All other borrowing costs are recognised in profit or loss in the period in which they are incurred.

Leases

The Company as lessee
Assets held under finance leases, hire purchase contracts and other similar arrangements, which confer rights and obligations similar to those attached to owned assets, are capitalised as tangible fixed assets at the fair value of the leased asset (or, if lower, the present value of the minimum lease payments as determined at the inception of the lease) and are depreciated over the shorter of the lease terms and their useful lives. The capital elements of future lease obligations are recorded as liabilities, while the interest elements are charged to the Profit and Loss Account over the period of the leases to produce a constant periodic rate of interest on the remaining balance of the liability.

Rentals under operating leases are charged on a straight-line basis over the lease term, even if the payments are not made on such a basis. Benefits received and receivable as an incentive to sign an operating lease are similarly spread on a straight-line basis over the lease term.

Stocks

Stocks are stated at the lower of cost and estimated selling price less costs to sell, which is equivalent to the net realisable value. Cost includes materials, direct labour and an attributable proportion of manufacturing overheads based on normal levels of activity. Cost is calculated using the FIFO (first-in, first-out) method. Provision is made for obsolete, slow-moving or defective items where appropriate.
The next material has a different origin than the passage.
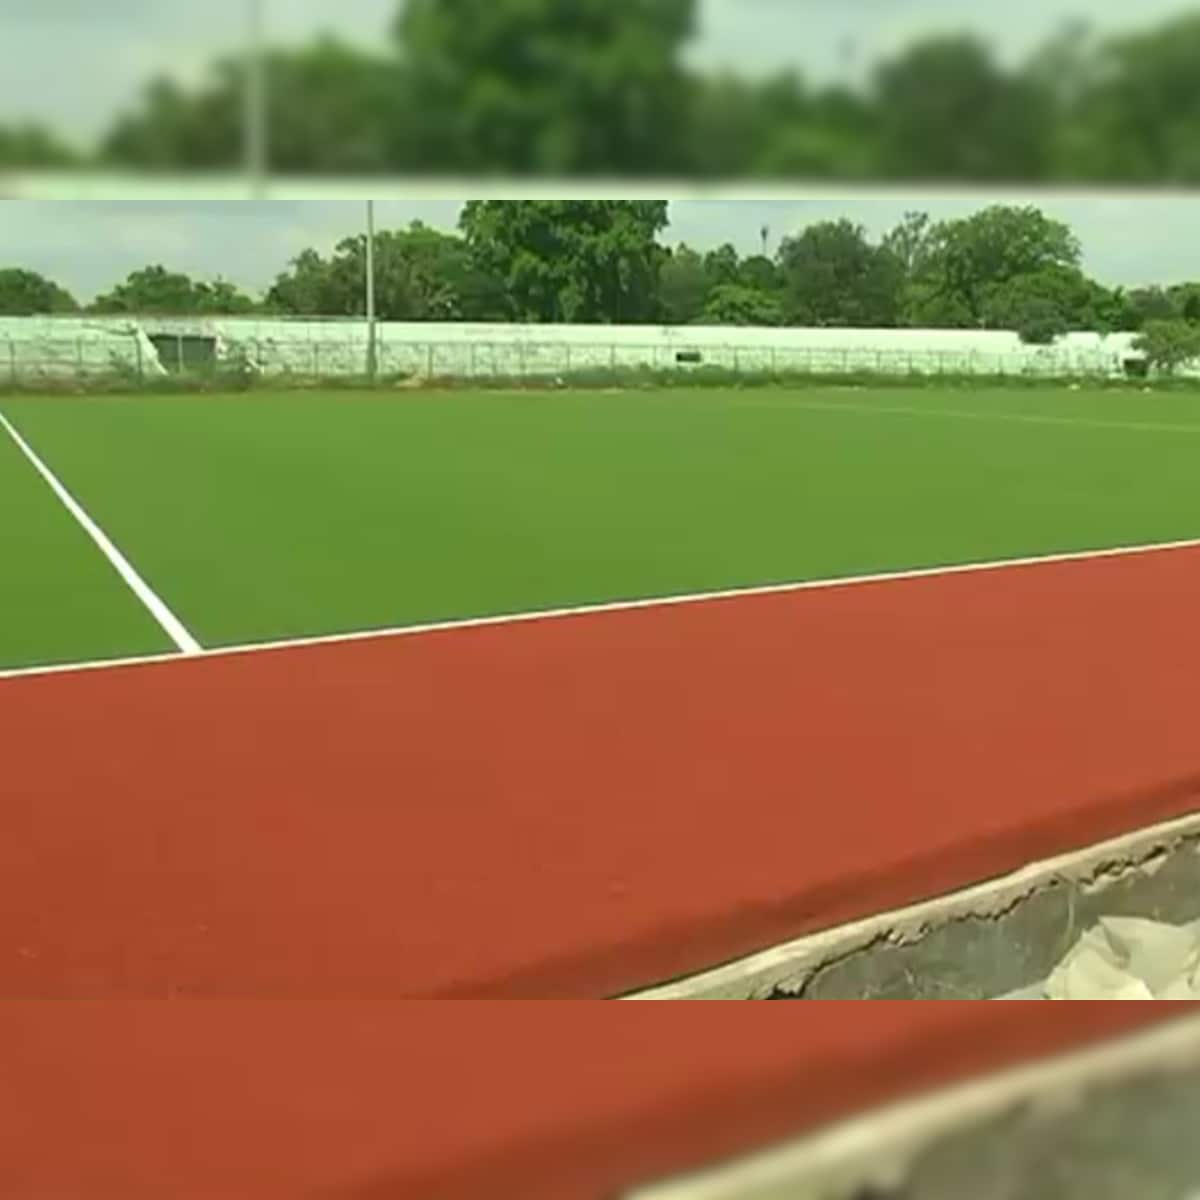 Meerut: Hockey players will get a big gift by 2022. Astro turf ready in  sports stadium – News18 हिंदी

At each reporting date, an assessment is made for impairment. Any excess of the carrying amount of stocks over its estimated selling price less costs to complete and sell is recognised as an impairment loss in profit or loss. Reversals of impairment losses are also recognised in profit or loss.

Trade and other debtors

Trade and other debtors are initially recognised at fair value and thereafter stated at amortised cost using the effective interest method less impairment losses for bad and doubtful debts, except where the effect of discounting would be immaterial. In such cases the receivables are stated at cost less impairment losses for bad and doubtful debts.

Cash and cash equivalents

Cash and cash equivalents are basic financial assets and include cash in hand, deposits held at call with banks, other short-term liquid investments with original maturities of three months or less, and bank overdrafts. Bank overdrafts are shown within borrowings in creditors: amounts falling due within one year.

Trade and other creditors

Trade and other creditors are initially recognised at fair value and thereafter stated at amortised cost using the effective interest rate method, unless the effect of discounting would be immaterial, in which case they are stated at cost. If there is an unconditional right to defer settlement for at least twelve months after the reporting date, they are presented as non-current liabilities.

Financial instruments

Financial assets and financial liabilities are recognised when the Company becomes a party to the contractual provisions of the instrument.

Financial liabilities and equity instruments are classified according to the substance of the contractual arrangements entered into. An equity instrument is any contract that evidences a residual interest in the assets of the Company after deducting all of its liabilities.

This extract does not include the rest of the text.